You are viewing a plain text version of this content. The canonical link for it is here.
Posted to issues@mesos.apache.org by "Joseph Wu (JIRA)" <ji...@apache.org> on 2018/02/28 17:19:00 UTC
[jira] [Commented] (MESOS-8623) Crashed framework brings down the
whole Mesos cluster
[ https://issues.apache.org/jira/browse/MESOS-8623?page=com.atlassian.jira.plugin.system.issuetabpanels:comment-tabpanel&focusedCommentId=16380688#comment-16380688 ]
Joseph Wu commented on MESOS-8623:
----------------------------------
This CHECK can be hit whenever the master attempts to send any message to a framework recovered via Agent registration (i.e. Agent reports that the framework is running tasks on it), but before the framework has reconnected to the master.
The master should be guarding against sending messages to disconnected frameworks, so we'll have to track down which code path is responsible for sending this message.

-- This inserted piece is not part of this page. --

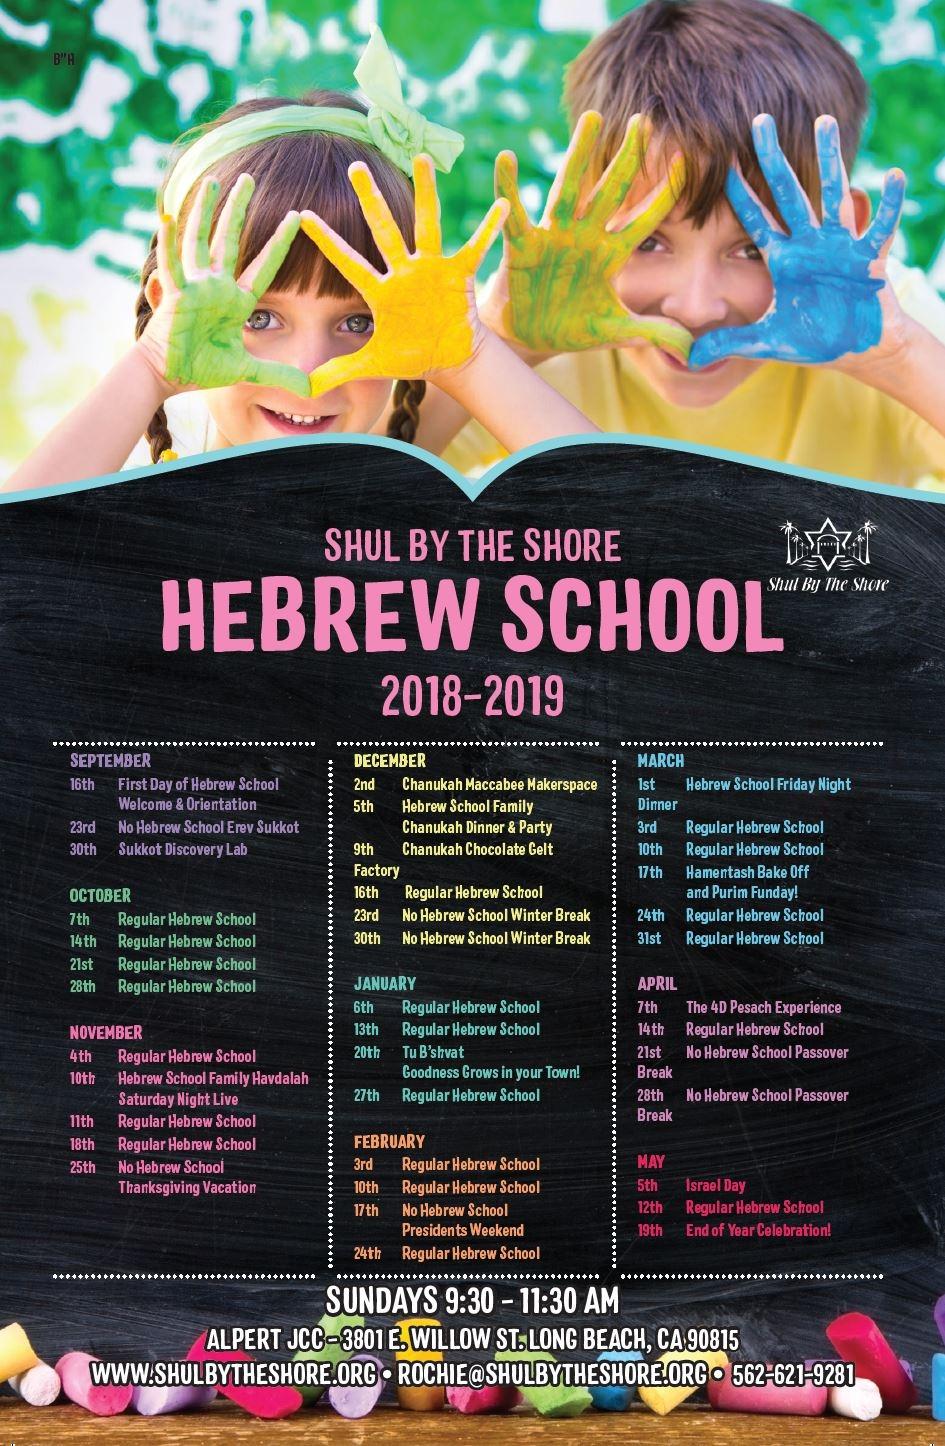 HebrewSchoolSchedule2018-2019.JPG
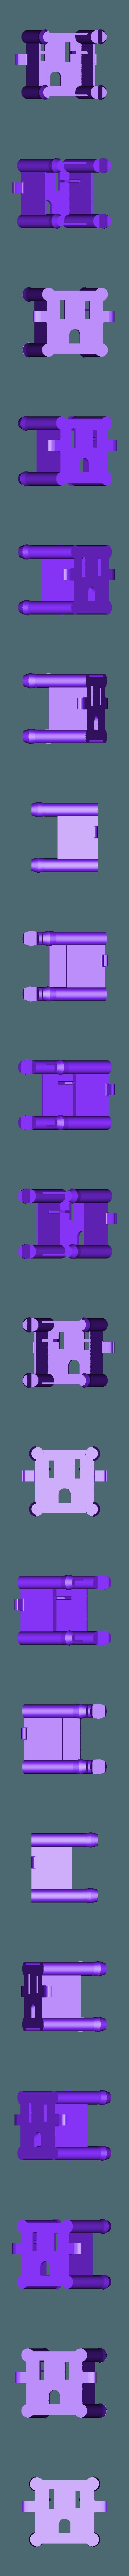 AC_adapter2organizer.stl Download free STL file AC Adapter Organizer • 3D printer design, Obenottr3D

A cursory {{git blame}} suggests that this crash could have happened from 1.2.0 onwards, but this also depends on which message is being sent:
https://github.com/apache/mesos/commit/0dbceafa3b7caba9e541cd64bce3d5421e3b1262
Note: This commit removed a {{return;}} that would have hidden this bug.
https://github.com/apache/mesos/commit/65efb347301f90e638361a50282cb74980c4c081
> Crashed framework brings down the whole Mesos cluster
> -----------------------------------------------------
>
> Key: MESOS-8623
> URL: https://issues.apache.org/jira/browse/MESOS-8623
> Project: Mesos
> Issue Type: Bug
> Components: master
> Affects Versions: 1.4.1
> Environment: Debian 8
> Mesos 1.4.1
> Reporter: Tomas Barton
> Priority: Critical
>
> It might be hard to replicate, but when you do your Mesos cluster is gone.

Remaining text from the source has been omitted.